Snow Shoveling Safety Tips and Tricks

As winter enters the area some may look forward to the beauty of snow covered trees and yards; while others feel dread at the first site of snow because of the extra time, work and effort that a few inches of the powdery stuff involves when it hits the area.


Our suggestion is to try to stay positive and walk on the sunny side of the street. Think of the snow as an opportunity to turn a typically sedentary time of the year into an active time. For example, just 15 minutes of snow shoveling is considered moderate physical activity and since we know we should aim for 30 minutes of moderate physical activity most days of the week shoveling is a good workout. A person who weighs 170 pounds and shovels for 30 minutes burns about 250 calories.


Here are some other tips and tricks to getting through the snow shoveling season on a positive and safe note:


  • Check with your doctor. Those who are inactive or have a history of heart trouble, your doctor should sign off on you before you begin shoveling snow. Studies show an increased number of fatal heart attacks after heavy snowfalls. This may be caused by the sudden demand that shoveling puts on a heart. After two minutes of shoveling, the heart rate of a sedentary man rose to higher levels than recommended during aerobic exercise. So be safe and consult your doctor to make sure you’re healthy enough to shovel snow.
  • Avoid caffeine and nicotine before beginning. These stimulants can raise your heart rate and constrict blood vessels which put extra stress on your heart.
  • Hydrate. Even in cold weather dehydration can become a serious issue.
  • Dress appropriately. If you are not dressed correctly for the weather conditions, you can become hypothermic. This is the time to wear a hat, gloves, winter jacket, heavy socks and boots.
  • Warm up first.
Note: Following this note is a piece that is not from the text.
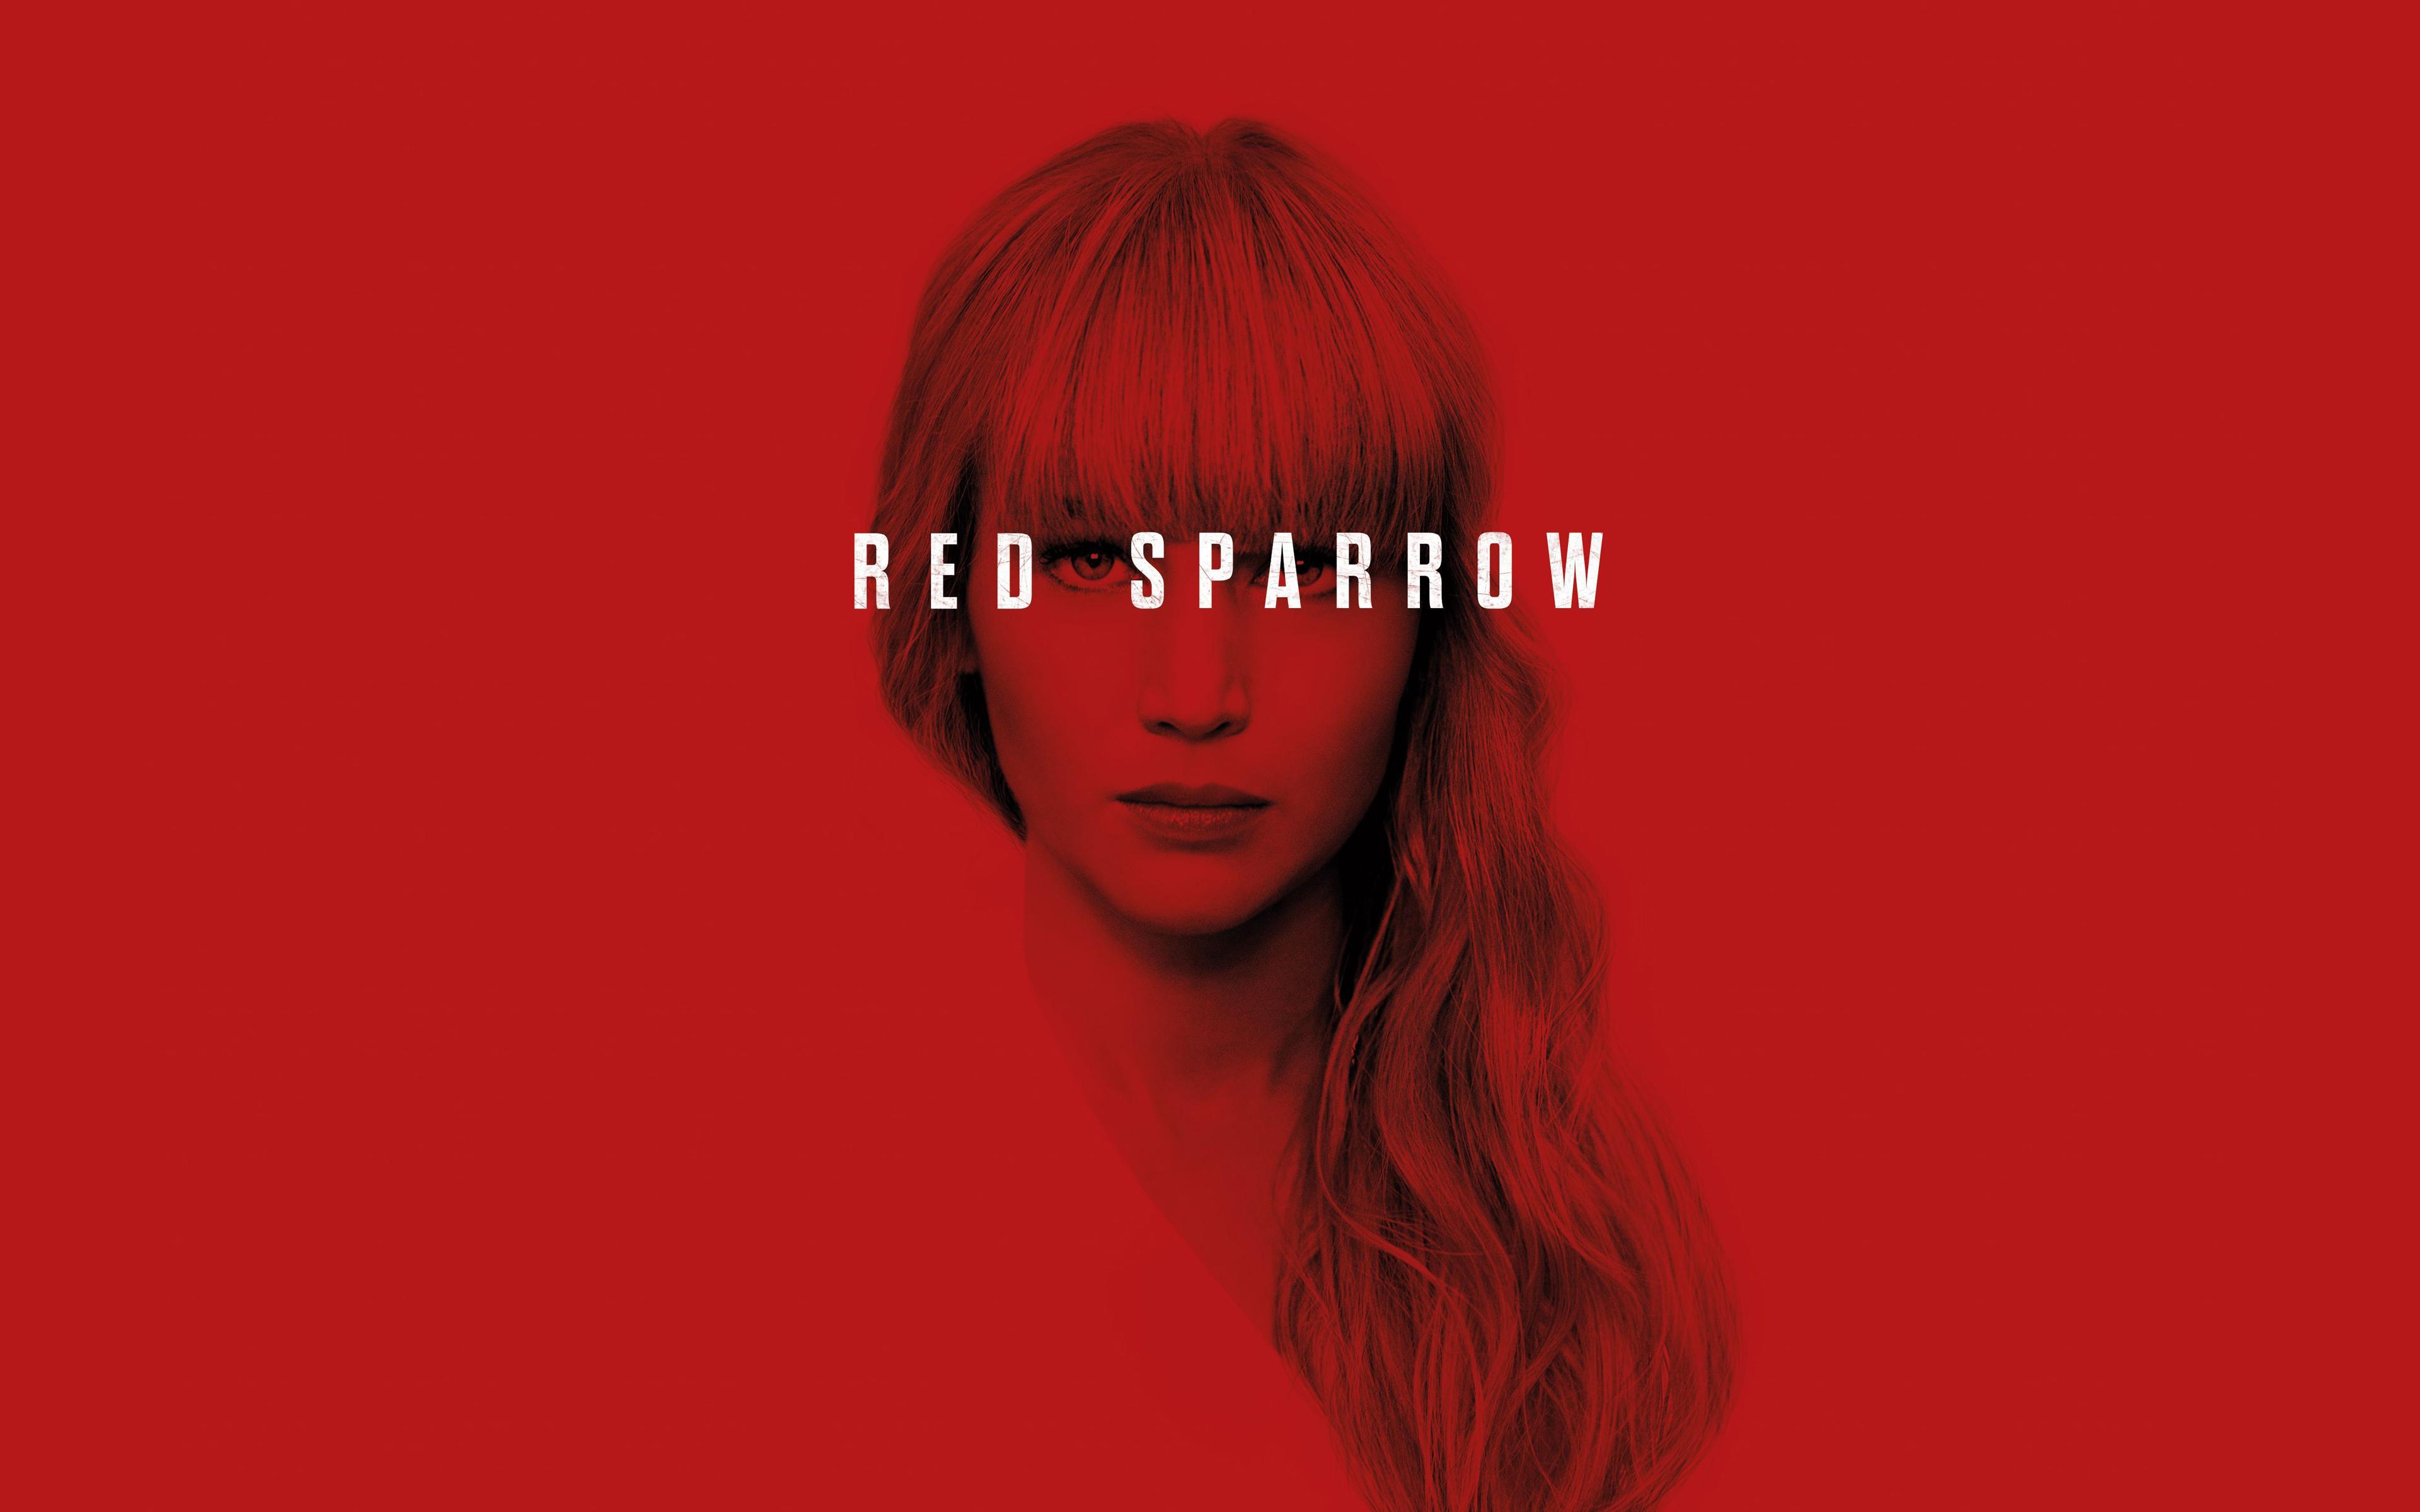 https://cinemaplanet.pt/wp-content/uploads/2018/02/jennifer_lawrence_red_sparrow_4k-wide.jpg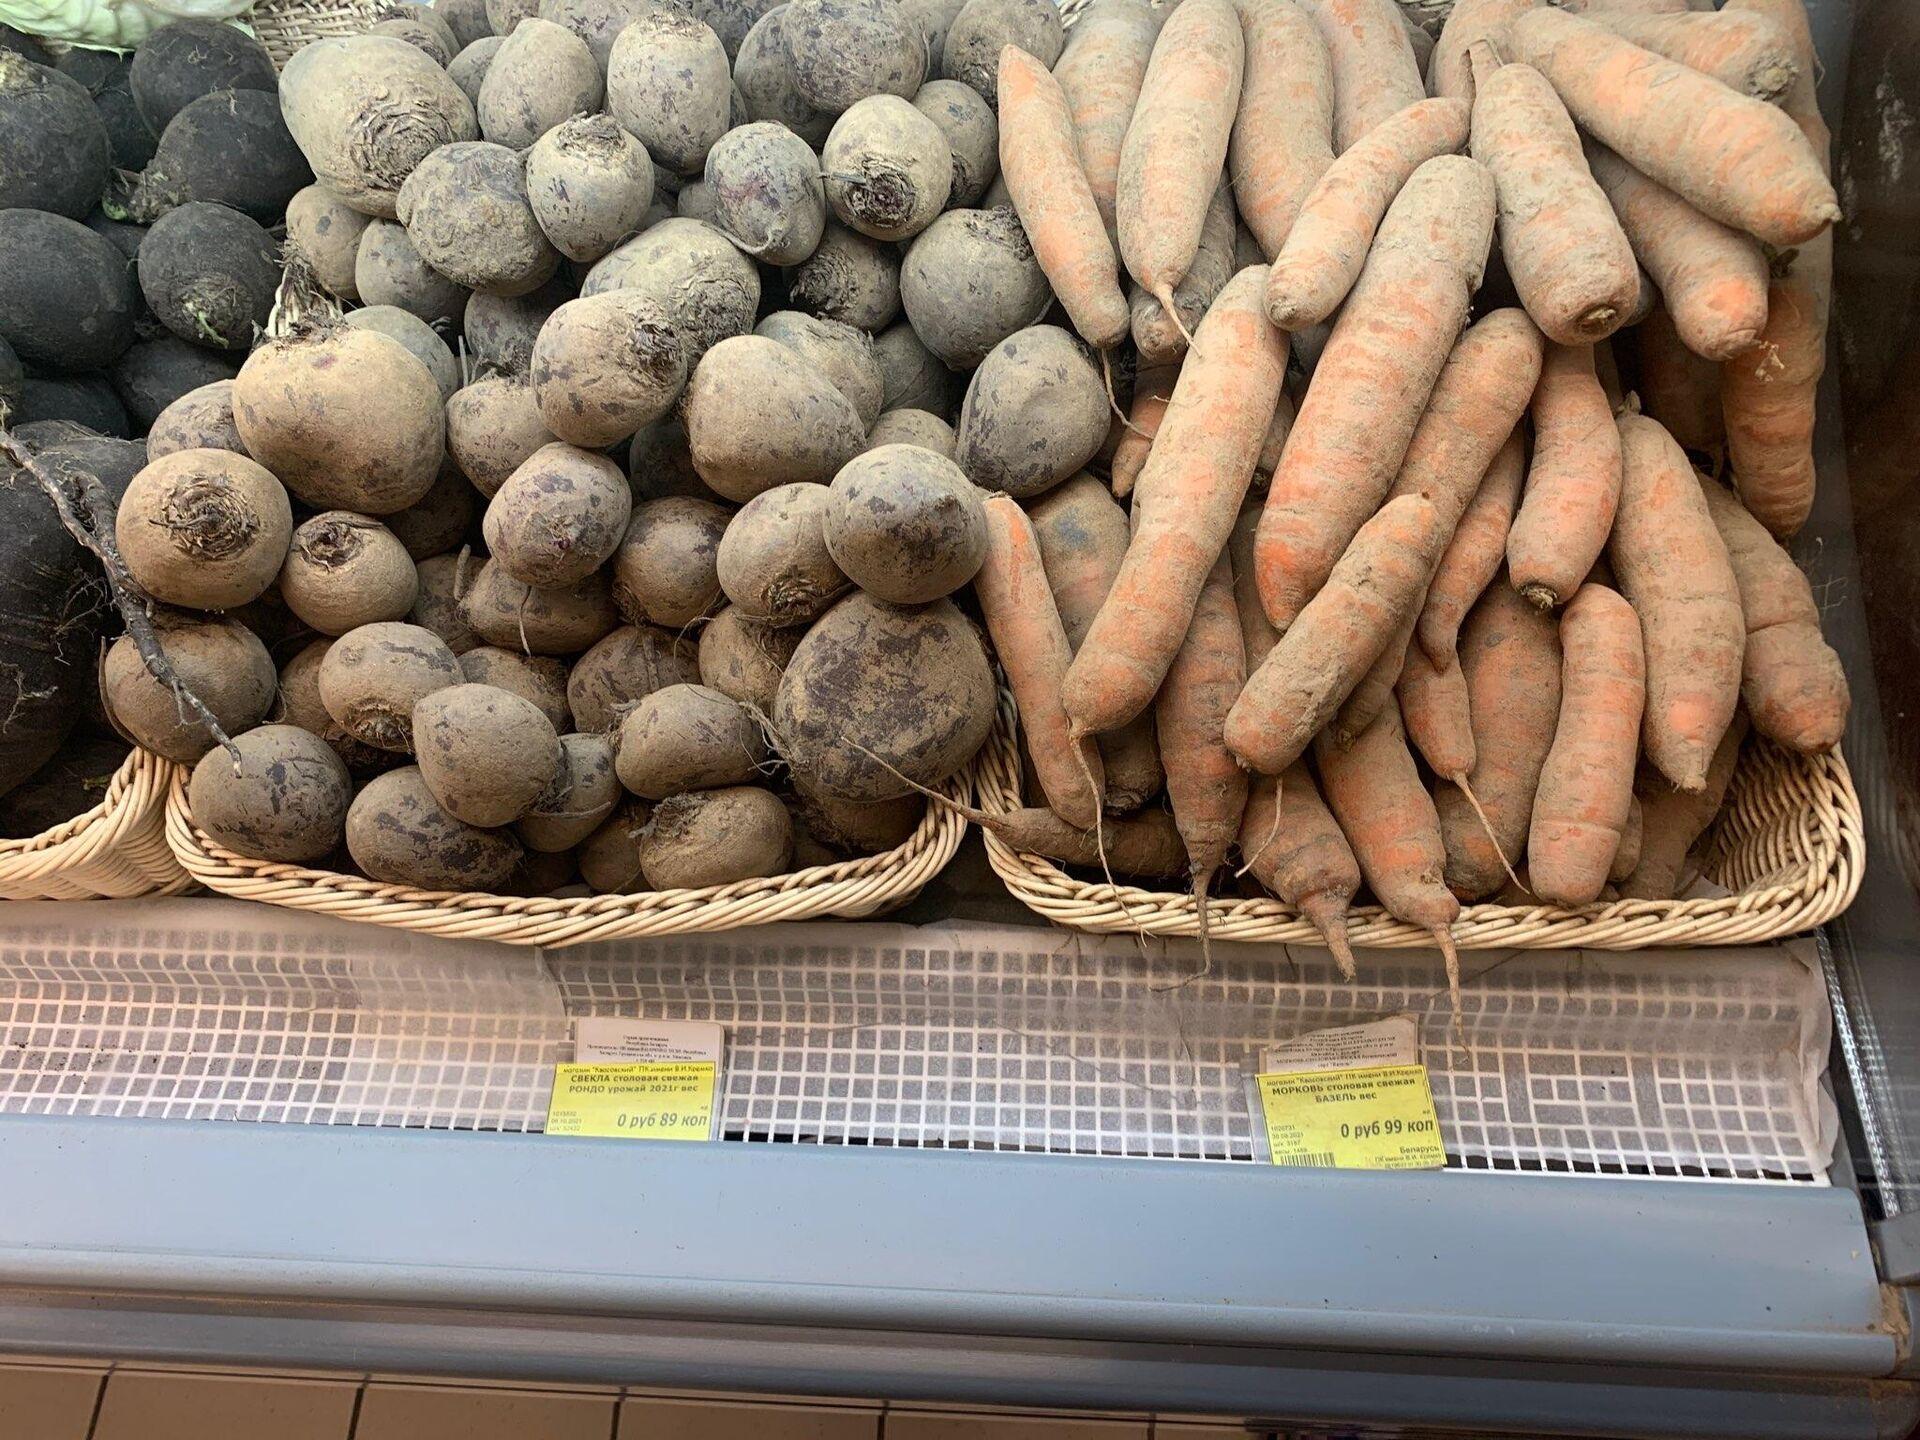 Цены на овощи в Гродно - Sputnik Беларусь, 1920, 08.10.2021

As with any other exercise, tight, cold muscles are more likely to strain or sprain than warm, relaxed muscles.
  • Choose the right snow shovel for you. Here are some shovel features to consider:
    • Curved handle – allows you to keep your back more straight when shoveling.
    • Length – the handle is right for you when you can slightly bend your knees, flex your back 10 degrees or less and hold the shovel comfortable in your hands at the beginning of the “shoveling stroke”.
    • Blade – sometimes a smaller blade is better than a larger one, even though a small blade can’t shovel as much at one time you avoid the risk of trying to lift too heavy a pile of snow that can come with using a larger blade.
  • Push the snow, do not lift it because pushing puts far less strain on your spine than lifting does.
  • Grip. When gripping the shovel make sure your hands are at least 12 inches apart. Creating a distance between your hands increases your leverage and reduces the strain on your body.
  • Technique. Squat with your legs apart, lift with your legs. Do not bend at the waist. Scoop small amounts of snow at a time and walk to where you need to where you need to move it. Do deep snow a little at a time by taking an inch or two off the top.
  • Move your feet instead of twisting. This can save your back!
  • Do not ever throw snow over your shoulder.
  • Keep in mind that wet snow can be very heavy, a full shovel load can weigh up to 25lbs.
  • Take frequent breaks to stretch your back arms and legs as you go and pace yourself.
  • If you experience pain of any kind while shoveling, stop immediately and seek help.


Snow shoveling can be great exercise when it is done correctly, bearing safety in mind. By following the snow shoveling tips and tricks you are less likely to be injured while clearing your path. Also, don’t forget your neighbors who might not be able to remove snow from their pathways. Helping for just a few minutes will make their day and keep them safe too!